The economic analysis shows that the impact of the CO2 price is negligible while the electricity cost is the main component. However, even when considering electricity at no charge and 8000 full-load operational hours, the cost for a 1 MWel plant is far from being competitive (0.22 vs. 0.02–0.06 €/kWhth), making a de-centralized deployment unlikely. Taking the results from Parra, et al. [18] as a reference, an increase from 1 MW to 1 GW would decrease this price by 33% to 0.15 €/kWhth. These findings are related to the regulatory frame, since economic incentives could modify the estimated SNG cost in this study. The Power-to-Gas technology currently finds itself in the so-called valley of death, where the financial support is not enough to cover the required innovation acceleration and up-scaling needs [71]. As a result of the high capital intensity of the technology, the financial risk for first movers entering the competitive gas market is significant and therefore discouraging for new investments.
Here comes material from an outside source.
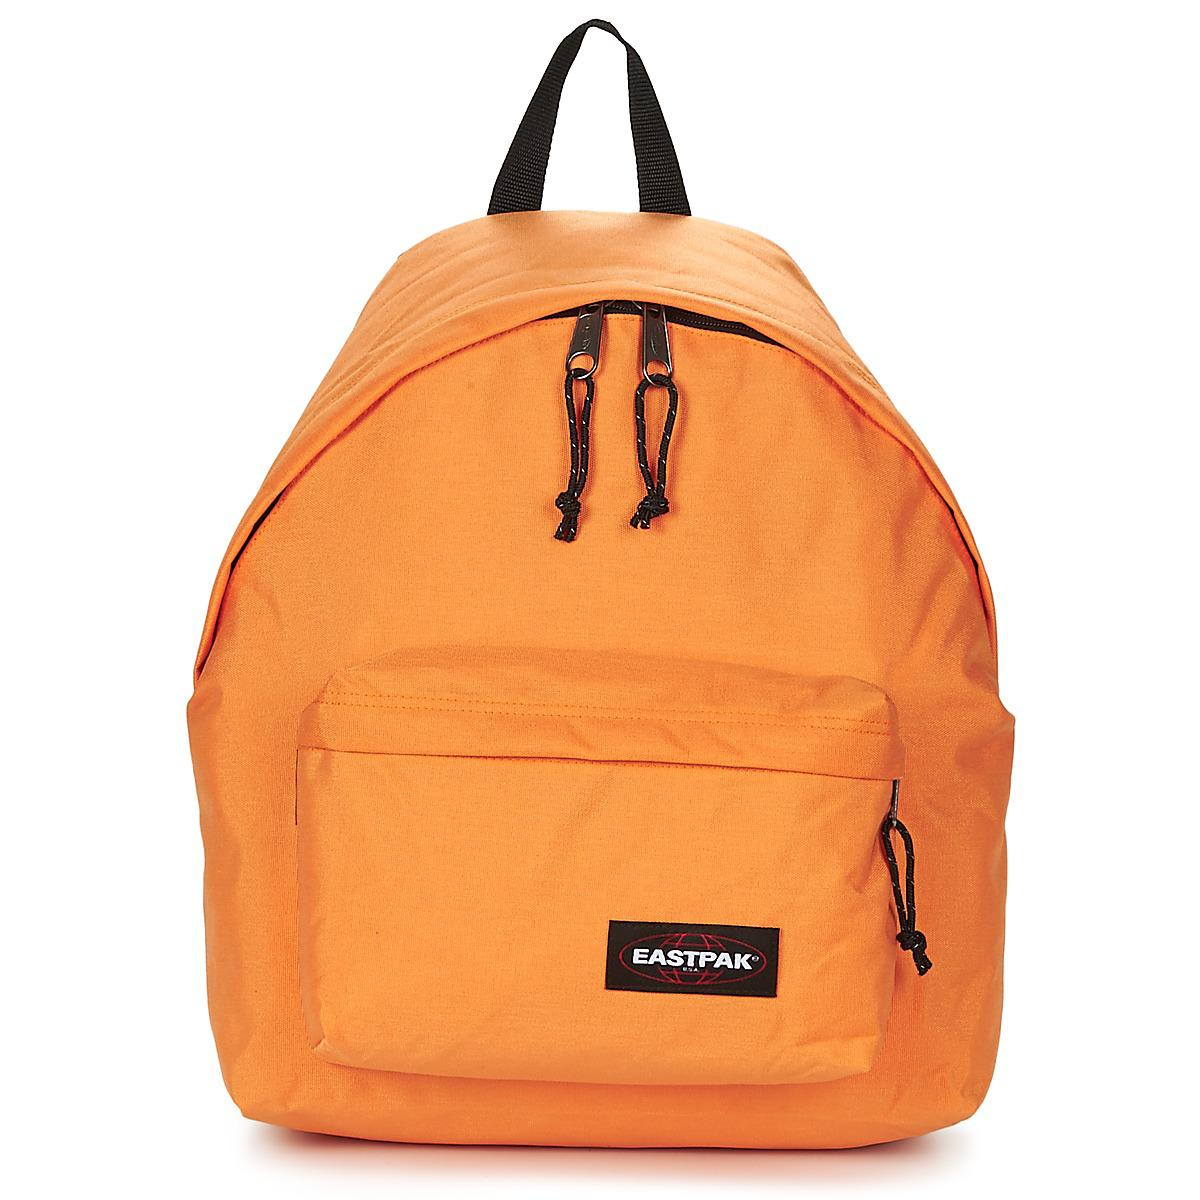 Eastpak A Sac Orange Eastpak Dos Sac Eastpak Orange Dos Sac A rp6Sqr8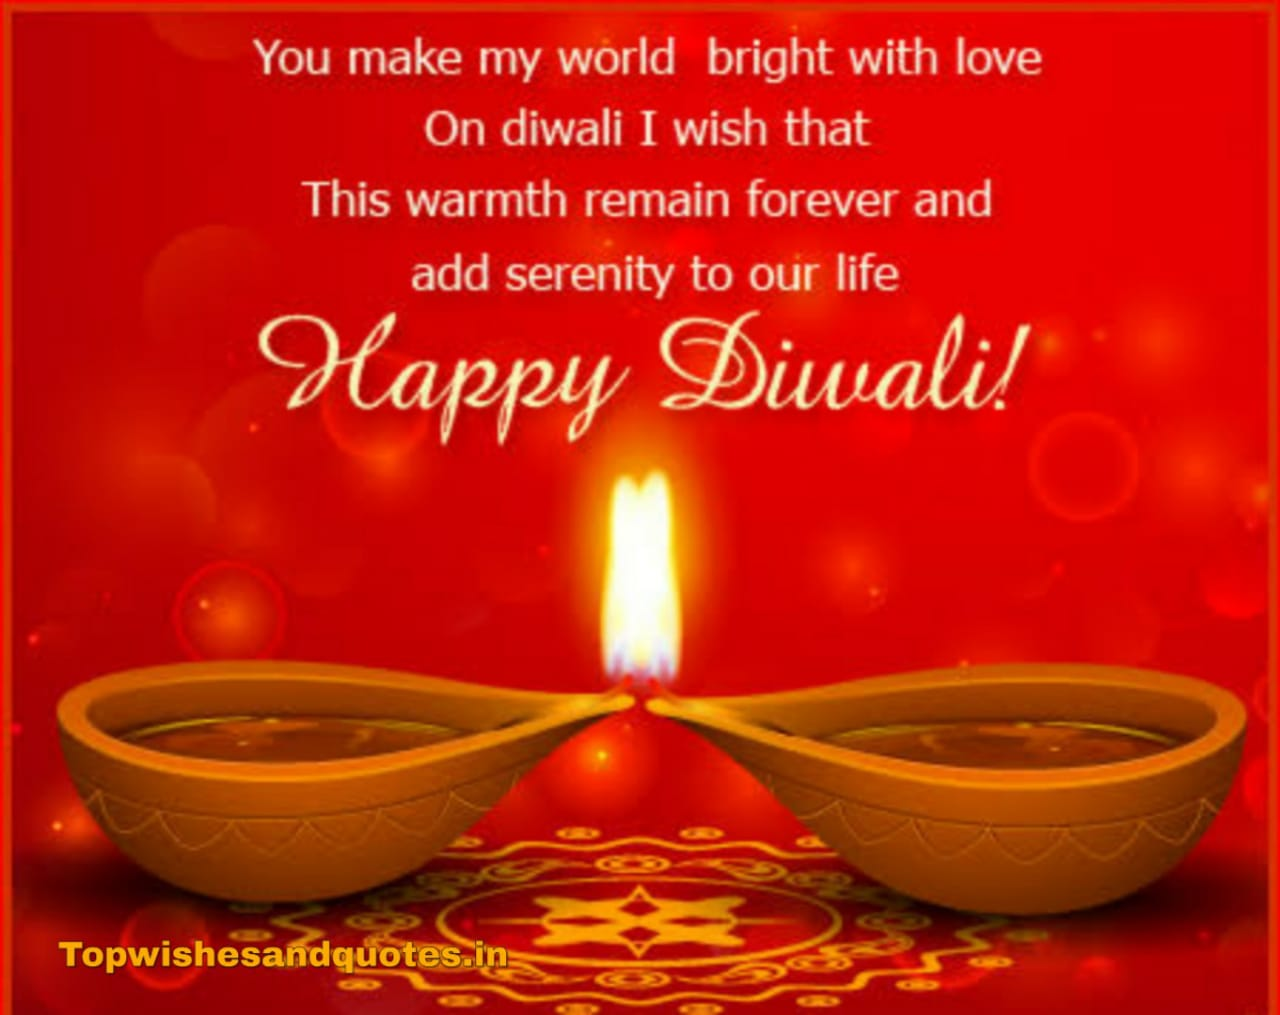 Happy diwali wishes, happy diwali quotes, happy diwali status, happy diwali photo

Support schemes that target the supply side of green gases and in particular investment subsidies could lead to a reduction of CAPEX and aid the technology’s commercial development. A further option could be to address the demand side with a defined quota for the usage of SNG instead of natural gas. Additionally, the EU emissions trading system (EU ETS) could serve as a mechanism to generate funds, but under no circumstances would the taxation of natural gas solely increase the competitiveness of SNG.
The technical analysis shows that the process can be considered as quite mature. Thus, future studies should shift their focus to a system analysis concerning the future energy and feedstock supply rather than on the methanation technology itself. This will help to identify the sectors and processes, where going away from natural gas as a feedstock is very hard to achieve. Considering biogas as the major alternative to SNG, covering the high demand will in the long run turn out in favor of SNG—especially based on CO2 from fossil sources or captured from the atmosphere. This is particularly true considering that in many regions of the world the availability of biomass and biogas is limited, and also taking into account that other forms of renewable energy, in particular solar energy, exhibit capacities and area specific yields which are significantly higher than those of biogenic resources.
The first priority should be to use the SNG in the chemical industry as a raw material or in industry applications where hydrocarbons will still be an essential feedstock for several reasons (reducing atmospheres required, specific flame properties needed, carbon takes part in a reaction or is part of the product, etc.), but where fossil fuels cannot be used anymore in the mid-to-long-term. Industry is already searching for options to replace the currently used fossil fuels or to even replace the technology entirely. Only as a second priority should such fuels be used for mobility.
The environmental analysis shows that currently only scenarios for operation with wind energy decrease the emissions compared to natural gas, while PV has a limited impact. However, in such cases the operational hours would decrease significantly, or batteries would have to be employed, making the operation highly uneconomical. Thus, the only solution to cover the demand while having high operational hours is the decarbonization of the electricity grid. The sensitivity study shows that the emission factor of the electricity has to decrease below 121 g CO2-eq/kWhth to match the footprint of natural gas. A similar value was found by other studies. This level will be reached in Germany after 2050 [69], which can be considered as the time horizon to scale up all the relevant technologies.

Supplementary Materials

The following supporting information can be downloaded at: https://www.mdpi.com/article/10.3390/en15051608/s1, Table S1: Stream tables of PtSNG plant’s simulation; Table S2: Lang-factors for estimating FCI on the basis of EC, adapted from Peters, et al. [1]; Table S3: Summary of plant equipment sizing; Table S4: Equipment cost estimation parameters; Table S5: Method for the estimation of fixed production costs.; Table S6: Base case NPC estimation summary.; Table S7: Compilation of literature utilized for the SNG cost comparison.; Table S8: Natural gas price in Germany. Prices include taxes for private and industrial customers, but not for cross-border.; Table S9: Definition of electricity scenarios in the life cycle analysis.; Table S10: Life cycle inventory for a 1 MWth SNG plant.

Author Contributions

Conceptualization, E.V.P. and G.M.; Funding acquisition, C.S.; Investigation, E.V.P. and N.C.N.; Supervision, G.M., M.R. and A.A.; Writing—original draft, E.V.P.; Writing—review & editing, E.V.P., G.M., N.C.N., M.R., A.A. and C.S. All authors have read and agreed to the published version of the manuscript.

Funding

This study has been carried out in the frame of project CCU-Akzelerator (EFO 0012B). The funding of the NRW-Ministry of Economic Affairs, Innovation, Digitalization and Energy through the IN4climate. NRW initiative is gratefully acknowledged.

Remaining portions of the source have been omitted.